Questo romanzo sembra apparentemente scarno, asciutto e rigido nella prosa (specie nella rappresentazione dei personaggi); ma in realtà si tratta di un libro incredibile.
Alberto Moravia ha appena 22 anni quando inizia la stesura dell’opera che nasce dal forte impulso di narrare (vista la scoperta di un mondo sconcertante) tutta la borghesia romana; esattamente, nel momento in cui il regime ha bloccato qualsiasi ipotesi di evoluzione culturale, così come qualsiasi desiderio di cambiamento e progresso.
Gli Indifferenti, di Alberto Moravia
Gli Indifferenti si svolge tra le pareti di una casa in cui i personaggi sono sempre e solo gli stessi; che vivono in un interno borghese che non consente alcuna giustificazione, imbevuta totalmente da un convenzionalismo in cui si annida un clima costante di falsità e di menzogna.

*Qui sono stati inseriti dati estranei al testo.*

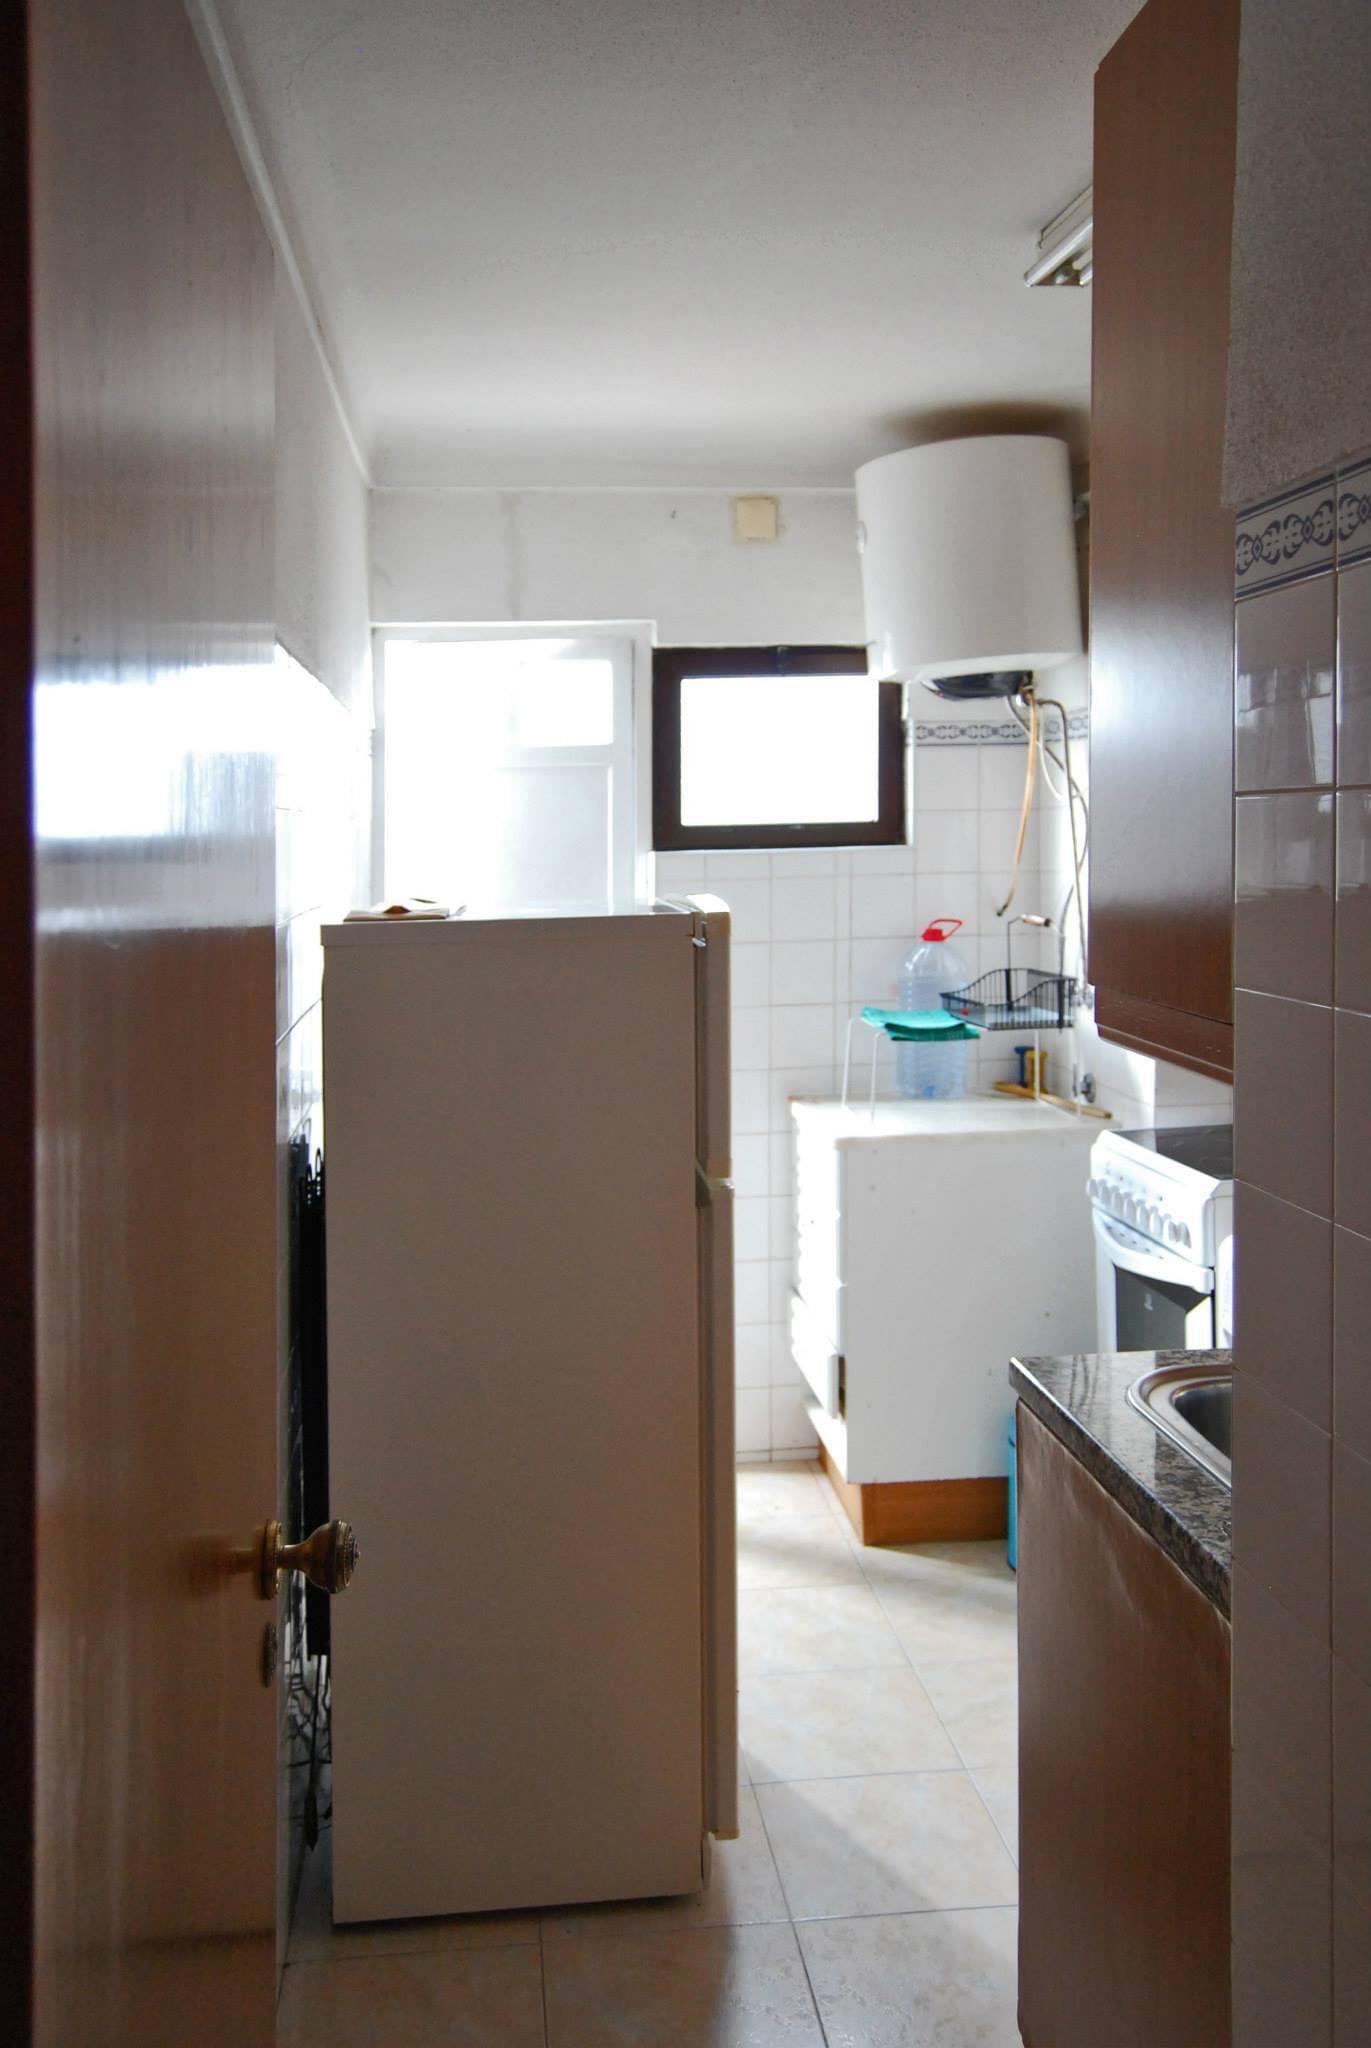 pf17427-apartamento-t1-lisboa-3f86cceb-9fcf-4755-8823-7816dfca278c
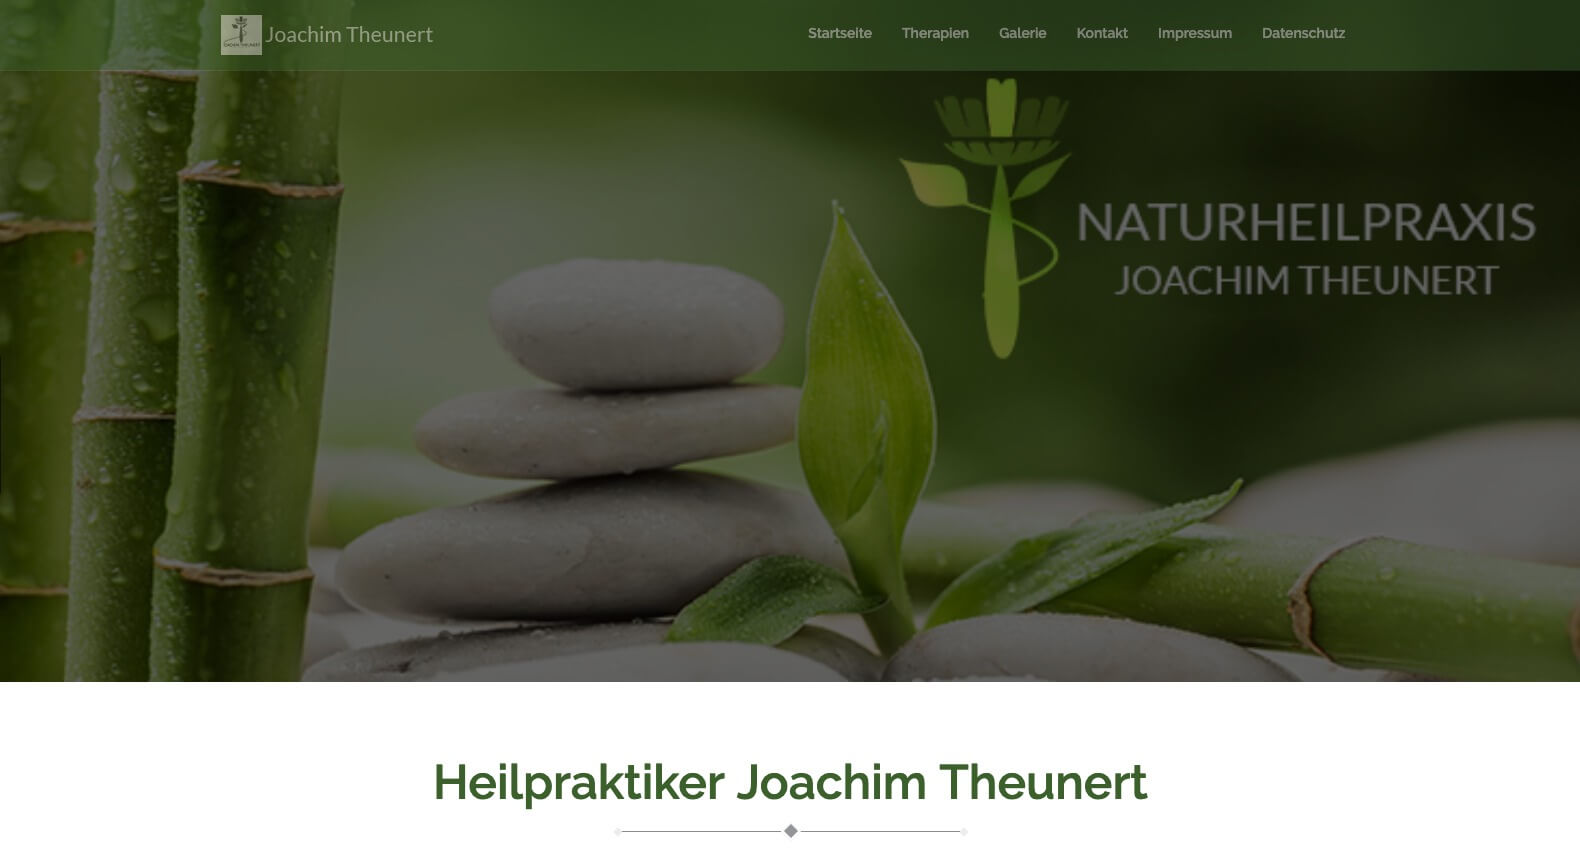 Image of Ganzheitliche Naturheilpraxis in Nürnberg: Heilpraktiker Joachim Theunert

Moravia con uno spiccato realismo descrive un mondo fatto di mancanza di valori, in cui gli uomini e le donne si muovono seguendo solo delle pulsioni animalesche e primitive; e di fatti i “menzogneri” personaggi del romanzo, agiscono unitamente l’uno contro l’altro, sospinti soltanto da un crudo egoismo, e da una personale bramosia.
Moravia, con Gli Indifferenti, asserì di aver pensato alla tragedia come la più alta forma di letteratura, per cui tale romanzo venne concepito come una tragedia. Ergo, spazio e tempo sono estremamente ridotti, tant’è che ci sembra quasi di aver a che fare con le singole unità aristoteliche. Questa famiglia borghese è pertanto descritta in due giornate, in cui i cinque personaggi – legati tra loro – agiscono e si feriscono vicendevolmente: l’indifferenza, ai valori o all’umanità, è chiaramente messa in luce dal Moravia. Ed è questa la vera tragedia, ovvero la tragedia di un mondo impuro, volgare, indifferente e borghese, che non vuole affermare né ottenere nulla, ma che mira solo alla sua conservazione.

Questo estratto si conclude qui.